There are many ways to try or test something. The first option is to replace one solution with another and examine whether the new solution is more effective. However, a fundamental risk arises here. With the size of a client such as Datart, even a slight deviation in low percentage units can manifest as a significant drop in profits, which is unacceptable for any company.
But a safer option is first to use the so-called offline A/B test. Existing search results, for example, over a while, are compared with the results offered by the tested tool. We have developed this testing method and have been using it for a long time, thanks to which we fundamentally eliminate the risk that a new search for some phrases would display worse or no results. This makes testing safer even for more prominent clients, where given the number of searches for individual phrases, even a slight deviation can have a significant impact.
After an offline A/B test, clients smoothly move to a “live” online A/B test. The basis is a methodology in which some visitors are assigned one version and others another. The display ratio of one and the other solution is chosen, which can be 50:50. Still, in the beginning, for example, only 80:20, so that the client can make sure that the tested variant is better or the same as the original variant. In the end, both results are relatively compared, and if the input values, for example, the number of sessions, were significant, we can proceed to the evaluation.
The result in less than two weeks
If we were to test particular cases, or if we had an e‑shop with low traffic, the test would take too long because the low number of visits would not be significant enough. It would simply not be possible to determine which of the compared solutions is the winner of the test.
Some clients test for a week, others for months. Considering the size of the traffic and the number of conversions, we can estimate how long the test will take. Subsequently, we will check the result through statistical significance to reduce the risk of an unexpected result. Everything is always defined in advance. So that the beginning and end of the test, as well as the compared metrics and the method of evaluation, are clear. The rules mustn’t be changed “during the game.”
In this case, we had enough input data, good timing, and precise evaluation of the test. The test in Datart took place from 1 to 12 September 2022. In less than two weeks, the necessary data was collected – and it was possible to evaluate the test and determine the winner.

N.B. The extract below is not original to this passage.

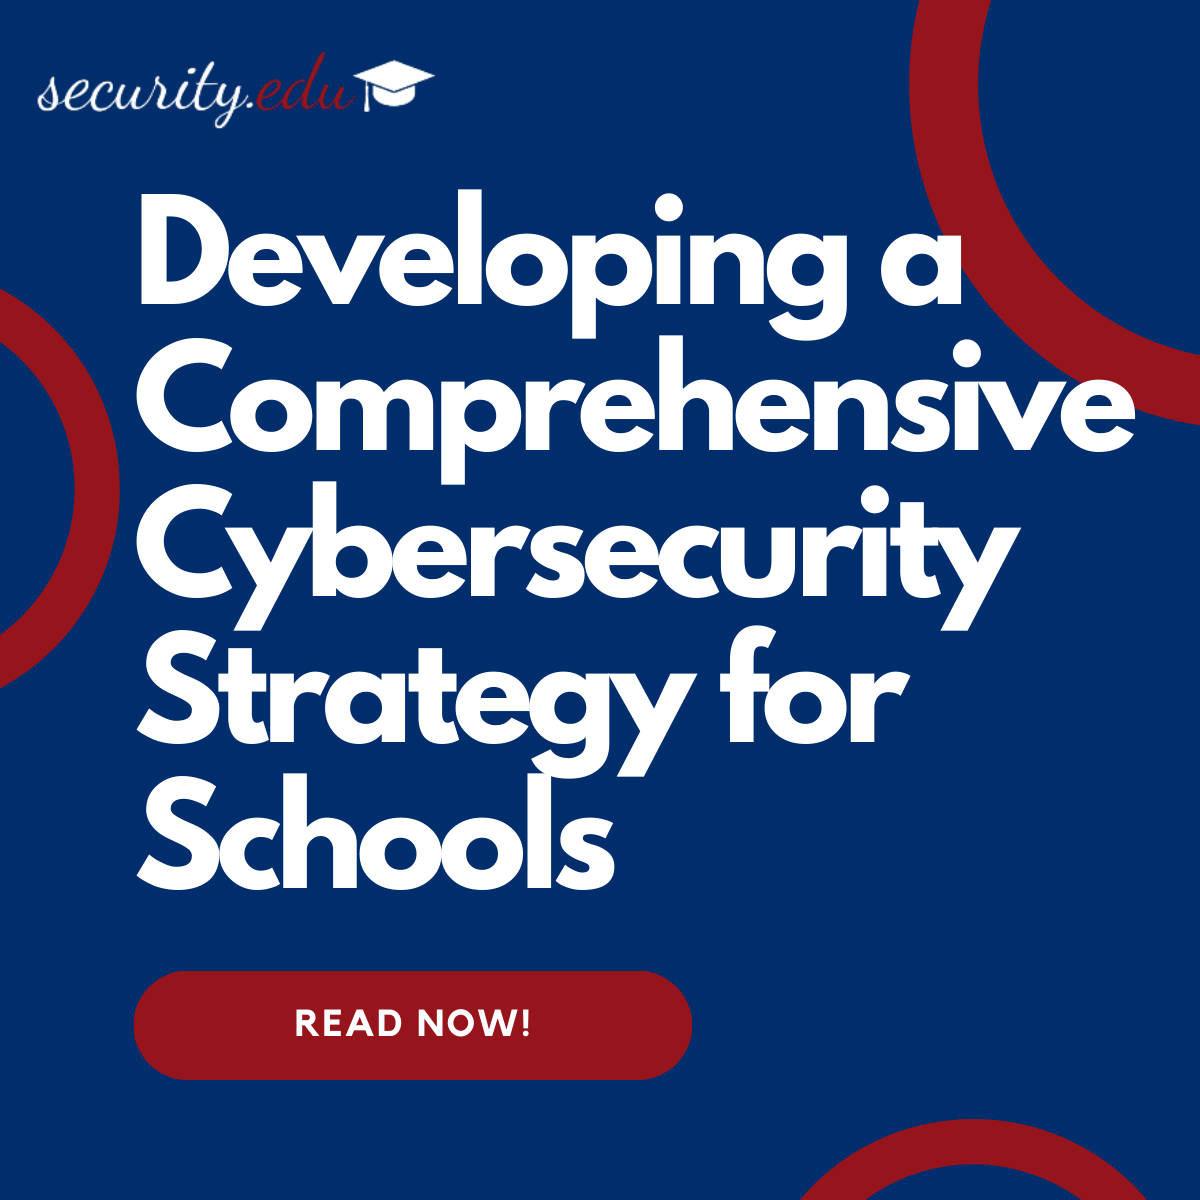 Featured image for “Developing a Comprehensive Cybersecurity Strategy for Schools”

Luigi’s Box as an A/B test winner
The comparative A/B test was deployed on the Czech and Slovak versions of the e‑shop. Both tests differ in some values, as each market in each country works differently when searching.
On both tested e‑shops, the deployment ratio was 50:50. Where 50% of users got the original version of the search, and 50% got the version with Luigi’s Box Search.
The results of both tests were significant according to the chosen methodology.
The main comparative metric was “Conversion rate” – conversion rate from search users.
After evaluating the tests, we found that, compared to the original search version, Luigi’s Box Search was demonstrably better on both language versions of the e‑shop.
Another interesting piece of information is that our solution eliminated incorrect results and searches without results for some categories. Luigi’s Box can be a reliable answer if you are solving a similar problem with relevance.
Conclusion
The chosen metrics demonstrated that the artificial intelligence and machine learning used by Luigi’s Box could increase the conversion rate, in this case, by 14-19%. Depending on the segment and search status, the difference in conversion rate can be even higher. Along with the increase in the conversion rate, of course, sales also increased – which is the desired state. After such test results, it is unsurprising that Datart will use Luigi’s Box Search as its search and autocomplete tool on both tested e‑shops.
This example clearly shows that our tool’s years of research and development have a high added value for the client.